Nor was defense counsel ineffective when he advised defendant “against having a jury decide [his] competency.” The right to a jury trial in a competency proceeding is statutory, not constitutional, and may be waived by defense counsel even over the defendant’s objection. (People v. Masterson (1994) 8 Cal.4th 965, 974.) Defense counsel was not derelict in simply advising defendant to waive a jury trial on the issue of his competency.
Citing section 1027, subdivision (a), defendant argues the trial court erred by failing to appoint more than one doctor to evaluate him. Section 1027, subdivision (a) applies when a defendant pleads guilty by reason of insanity, and thus, is inapplicable here. As previously discussed, the trial court was required to appoint “a psychiatrist or licensed psychologist” and did so here. (§ 1369.)

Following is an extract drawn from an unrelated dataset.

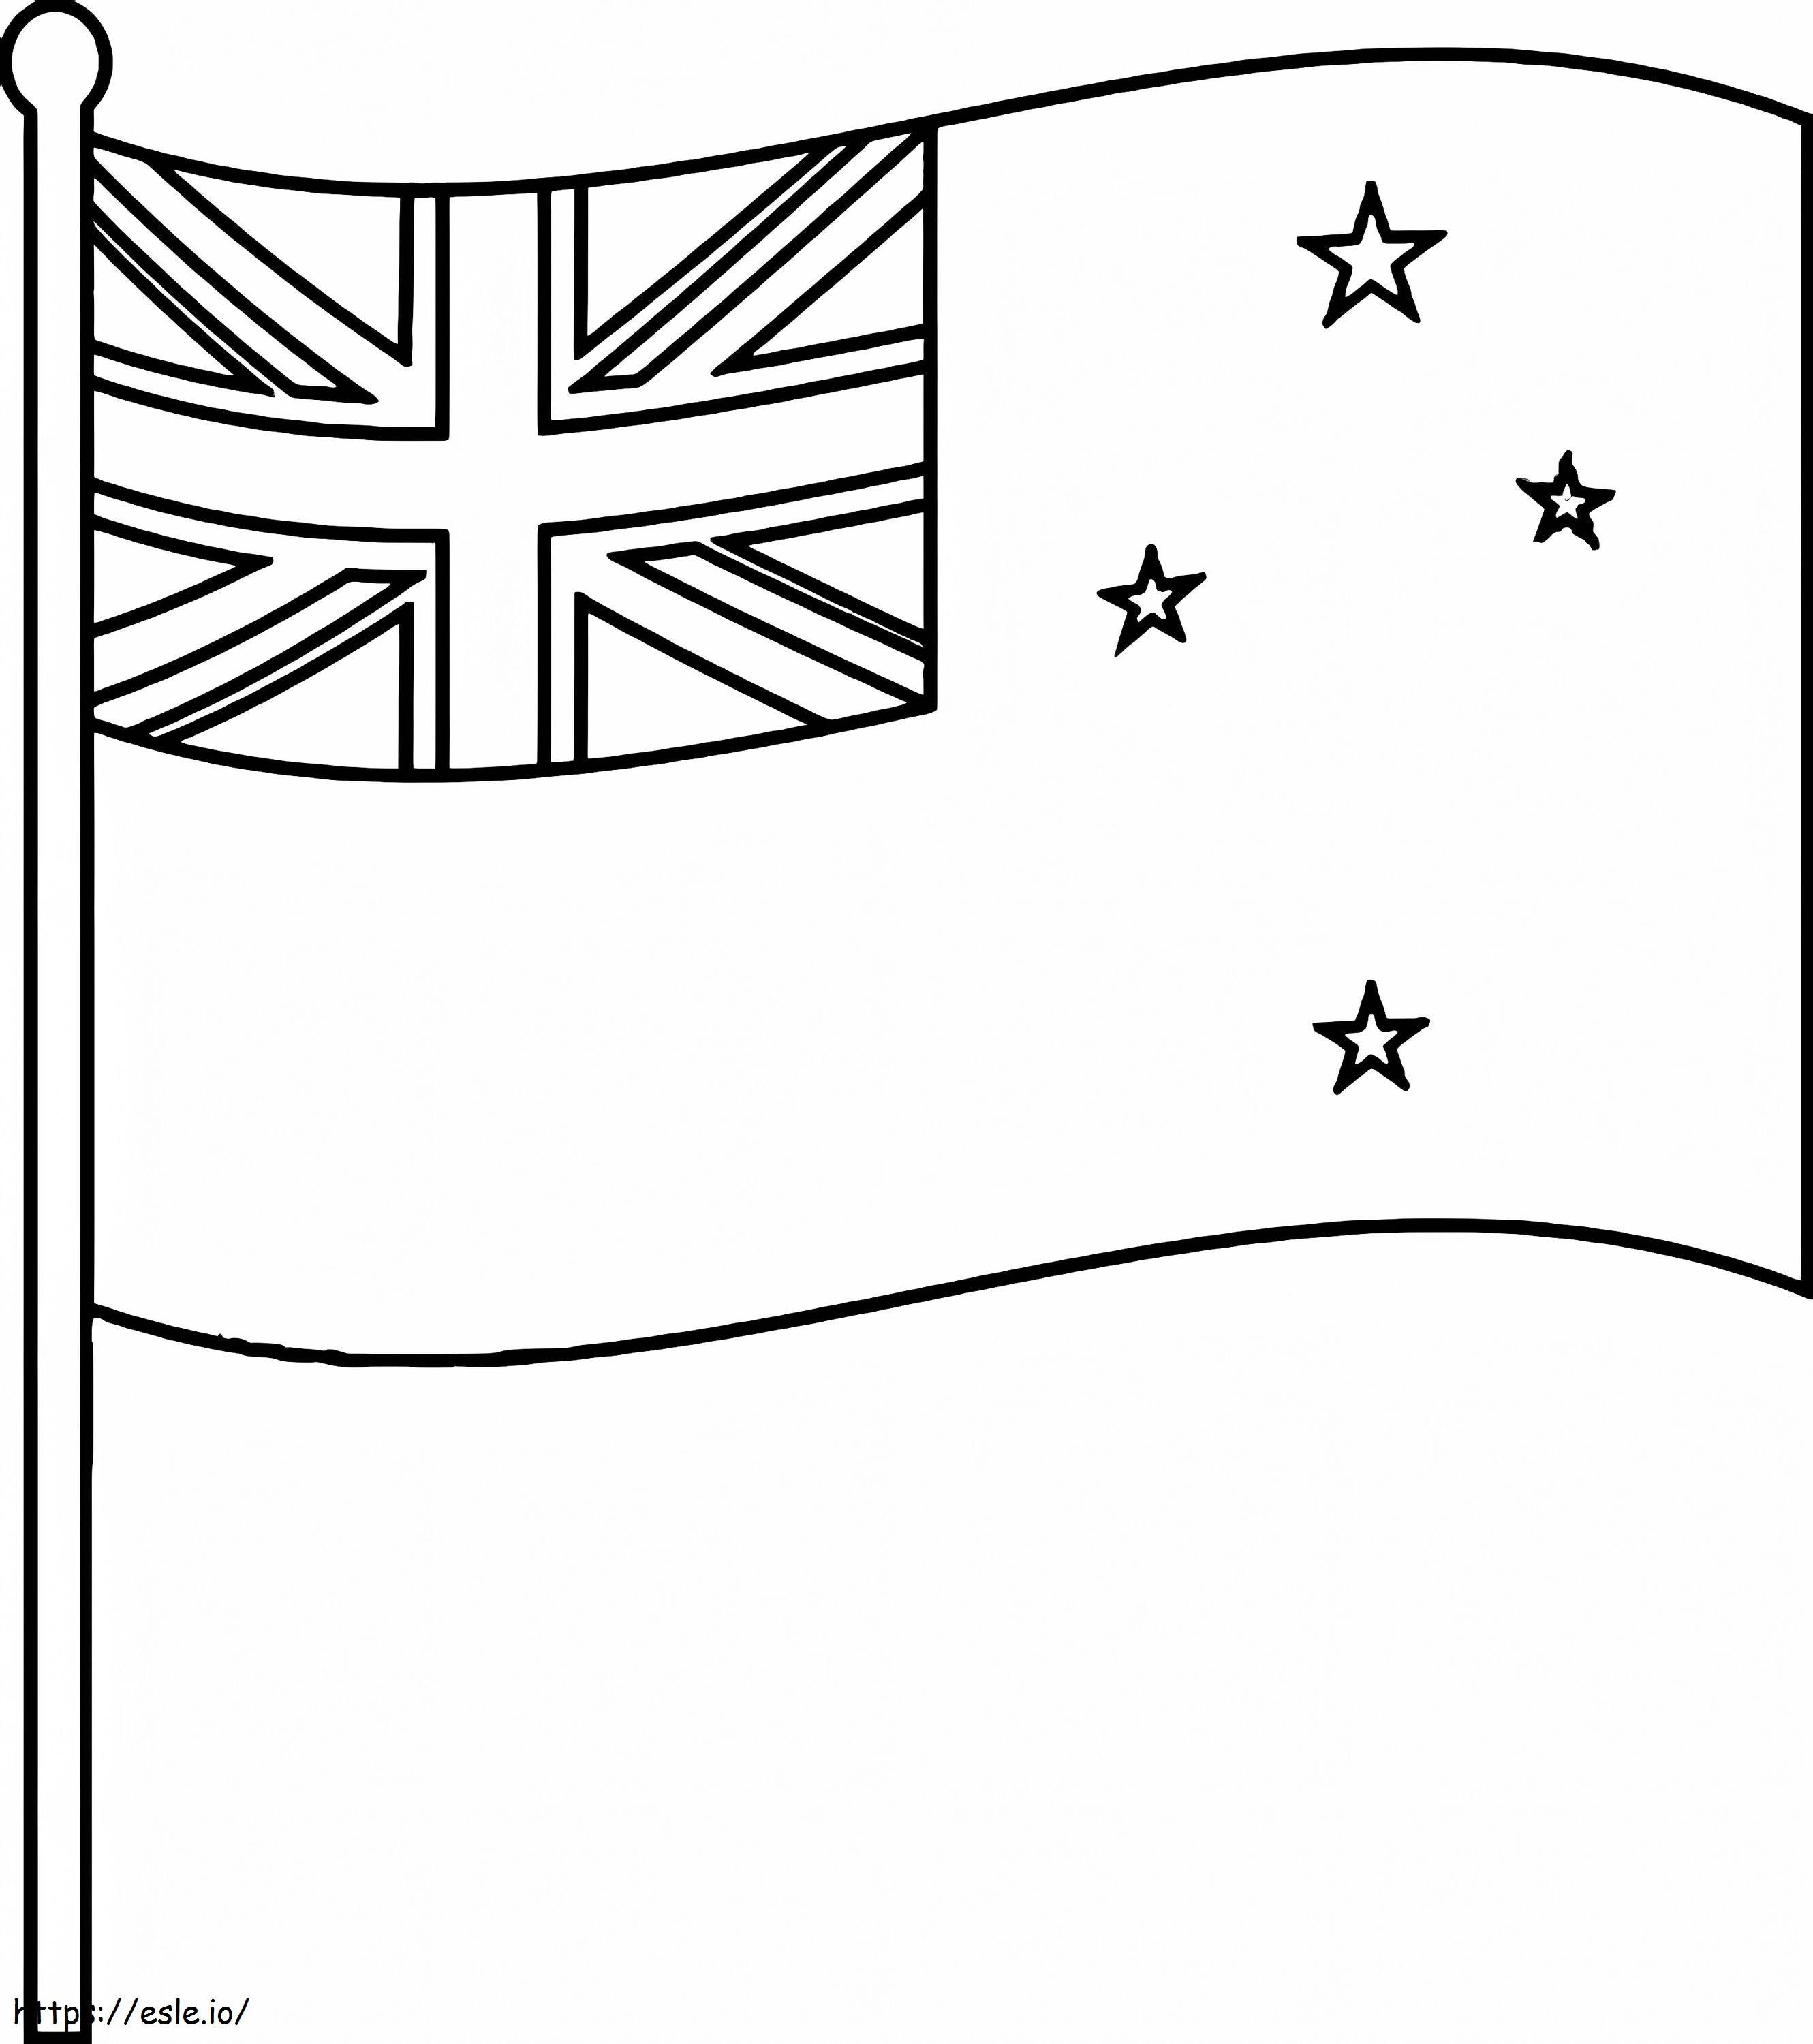 Neuseeland-Flagge 1 ausmalbilder
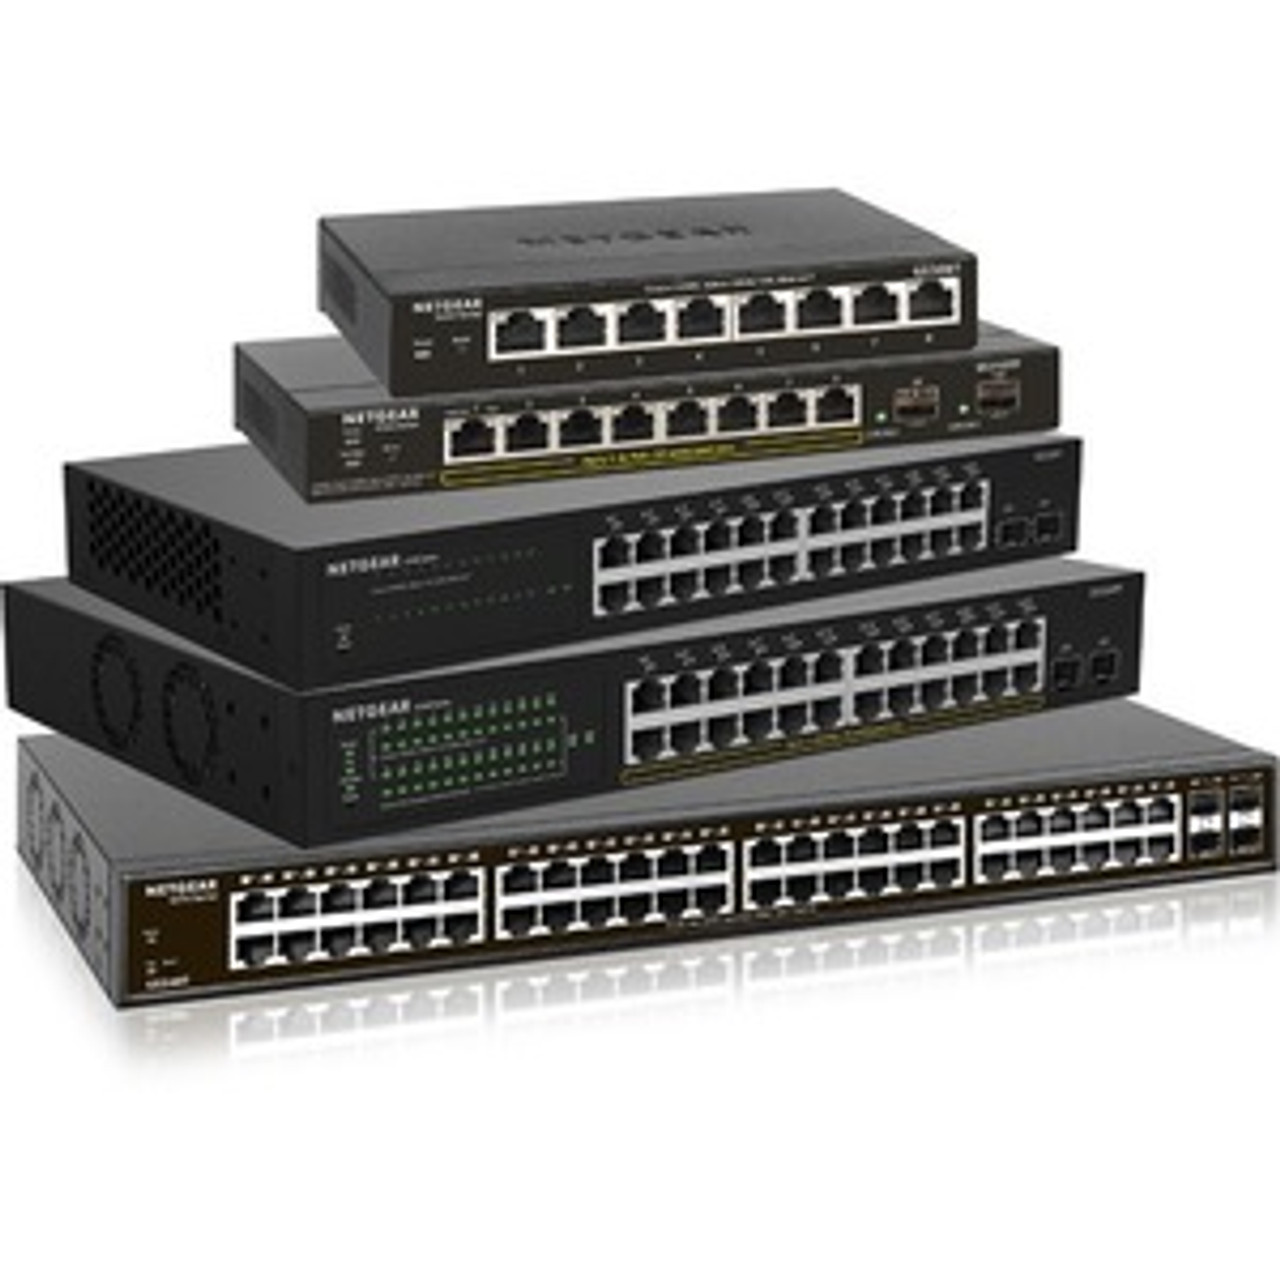 GS310TP-100NAS Netgear S350 GS308TP Ethernet Switch - 8 Ports - Manage

Finally, the trial court did not err in relying on Dr. White’s findings, which were based on her evaluation of defendant and review of his medical and disciplinary records. Contrary to defendant’s assertion, Dr. White’s determination that defendant was competent to stand trial did not conflict with the diagnoses of other doctors. Rather, Dr. White concluded the existence of “a severe type of Personality Disorder” did “not impair [defendant’s] competency to stand trial.” The absence of “comprehensive testing” does not render her findings unreliable. That defendant lacks any formal legal training is irrelevant to the determination of his competency to stand trial.
Having undertaken an examination of the entire record, we find no arguable error that would result in a disposition more favorable to defendant.
DISPOSITION
The judgment is affirmed.
We concur: SCOTLAND , P.J., ROBIE , J.